───── The data ─────

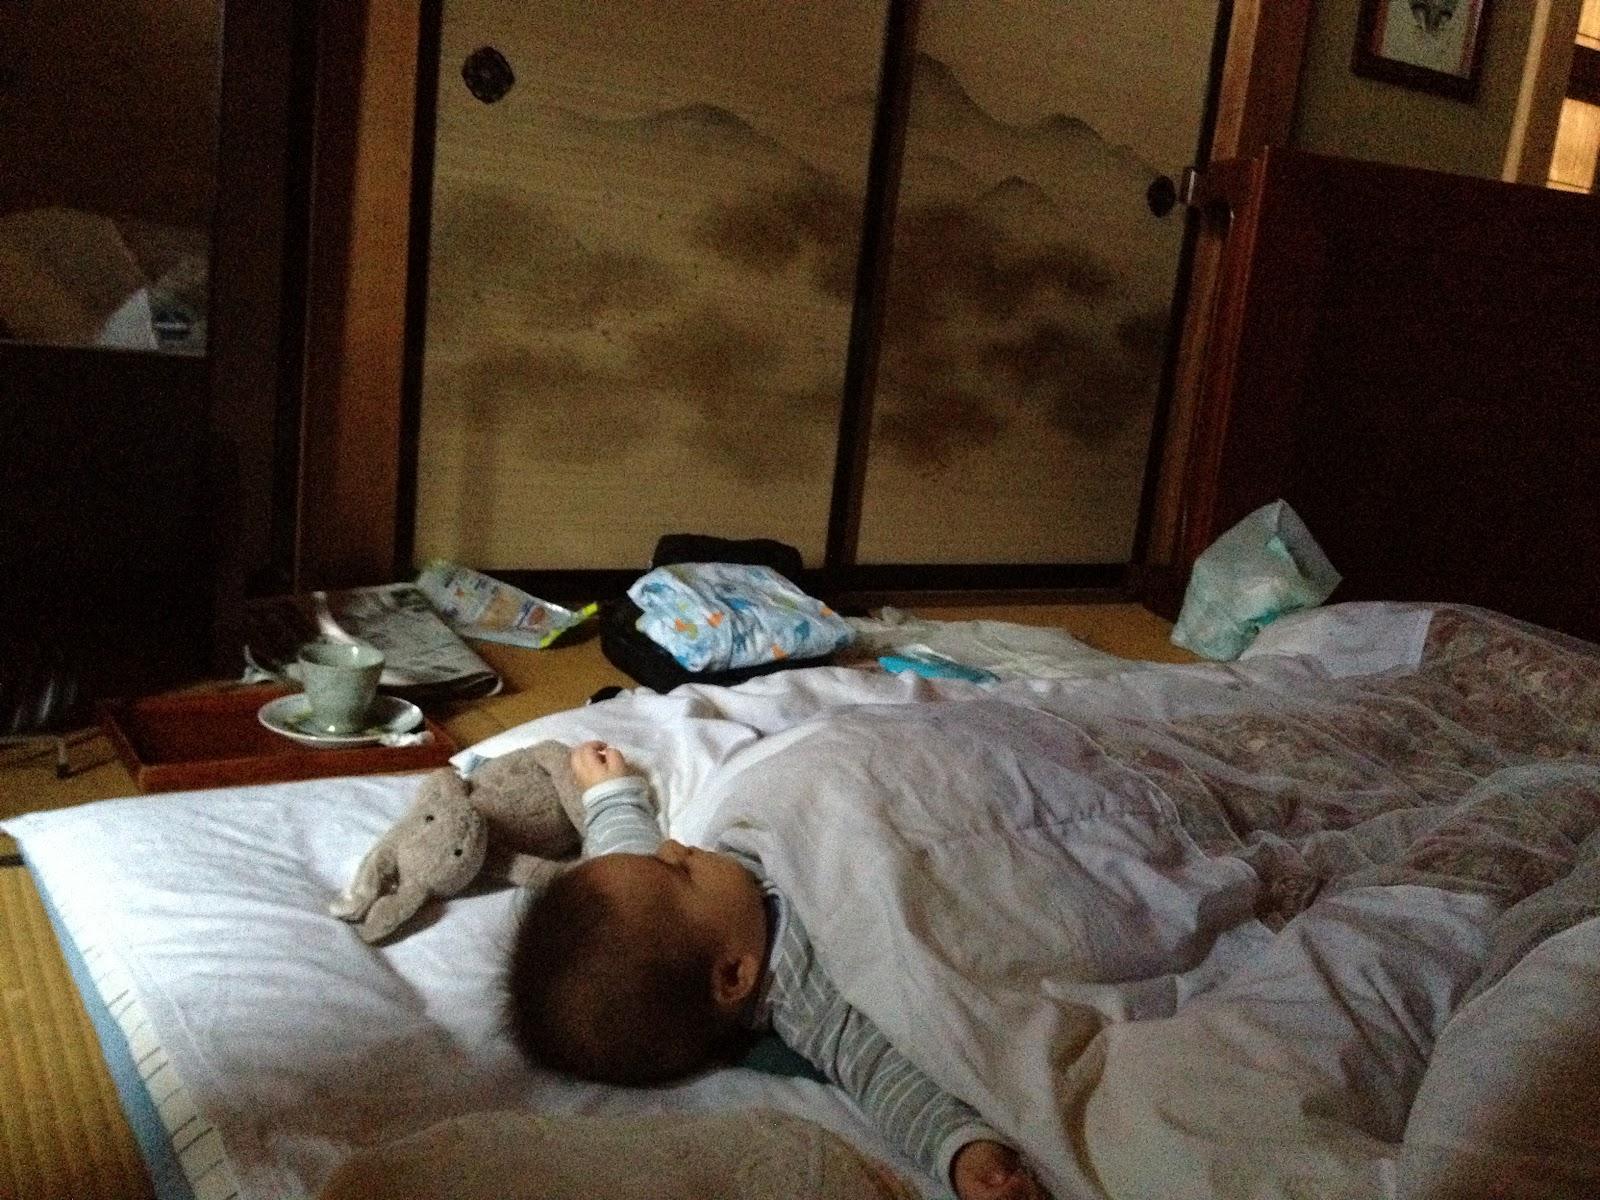 colors foam to sleep on futon memory comfortable walmart multiple mainstays com ip futons
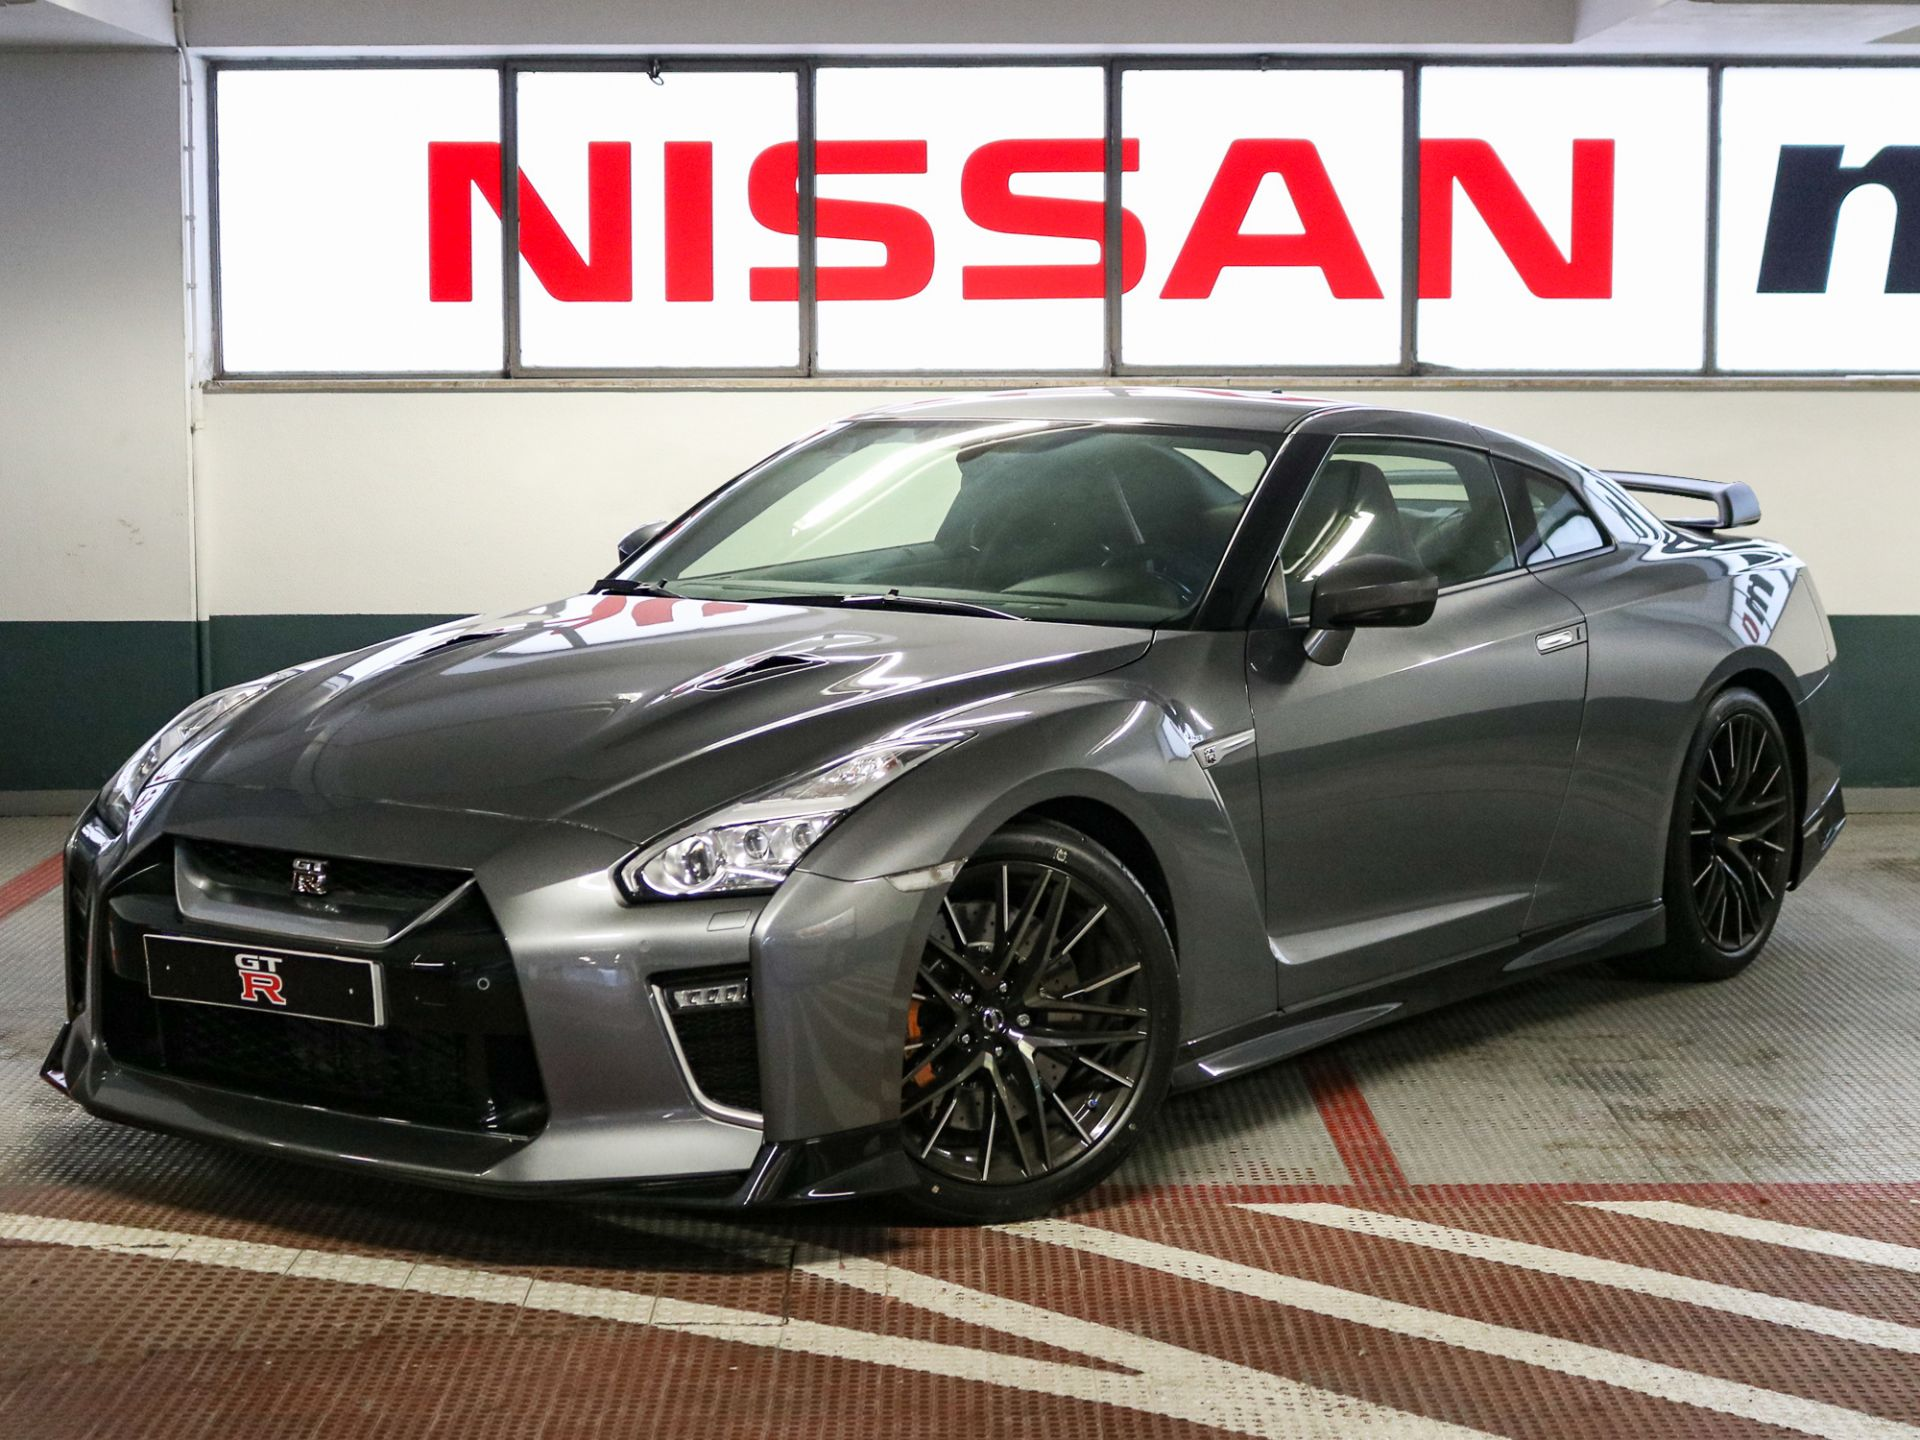 Nissan GT-R 2p 3.8G V6 570 CV Black Edition usada Lisboa
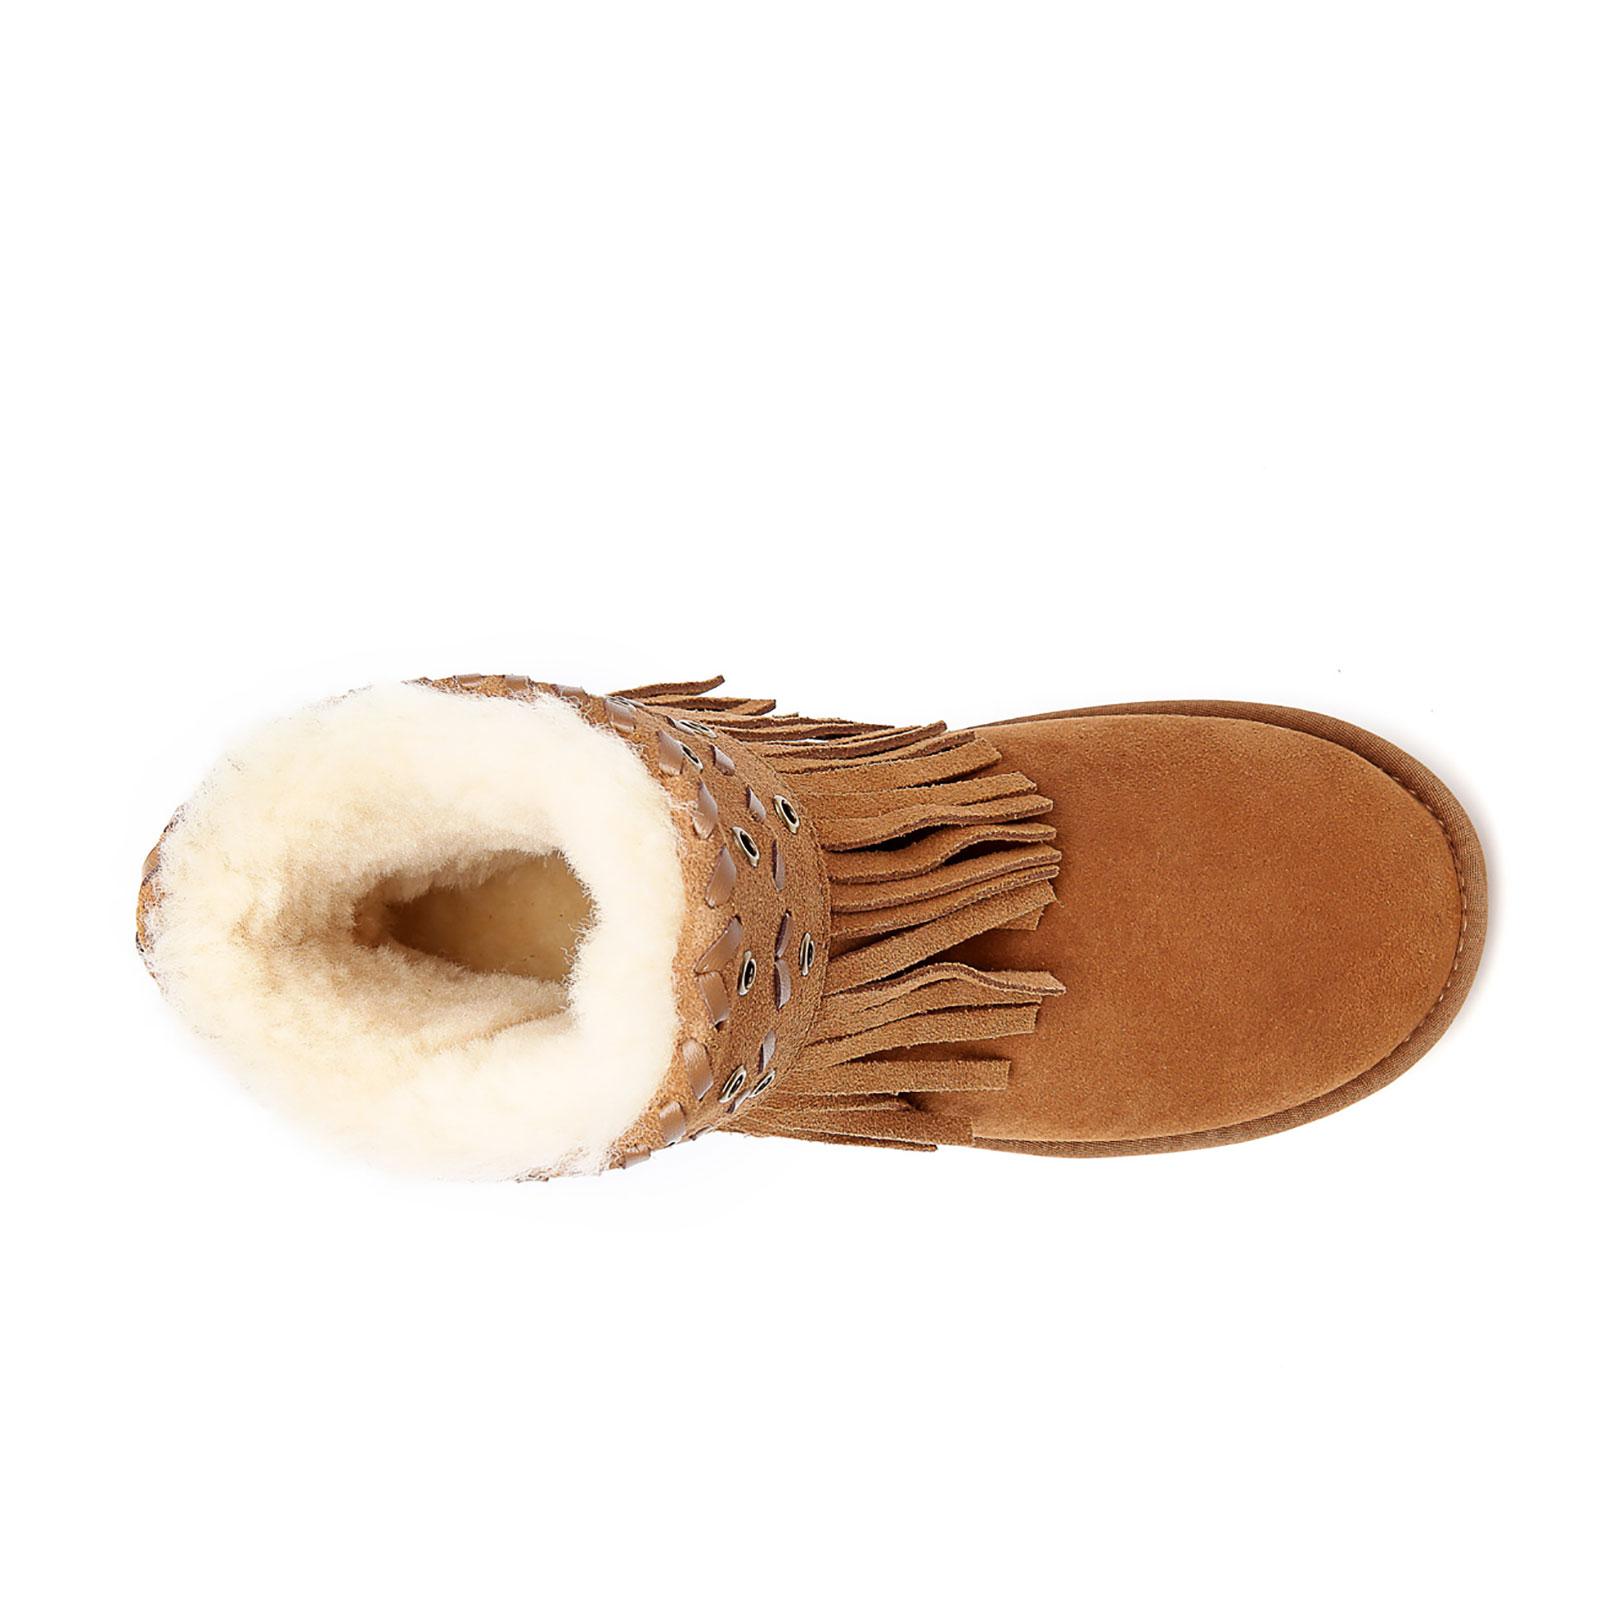 UGG-Boots-Trinity-Ladies-Ankle-Sheepskin-Australian-Double-

─────

Work order:
Omit every picture, then reproduce the rest of the listing exactly.

Answer for the task:
 colors foam to sleep on futon memory comfortable walmart multiple mainstays com ip futons
 Nissan GT-R 2p 3.8G V6 570 CV Black Edition usada Lisboa
 UGG-Boots-Trinity-Ladies-Ankle-Sheepskin-Australian-Double-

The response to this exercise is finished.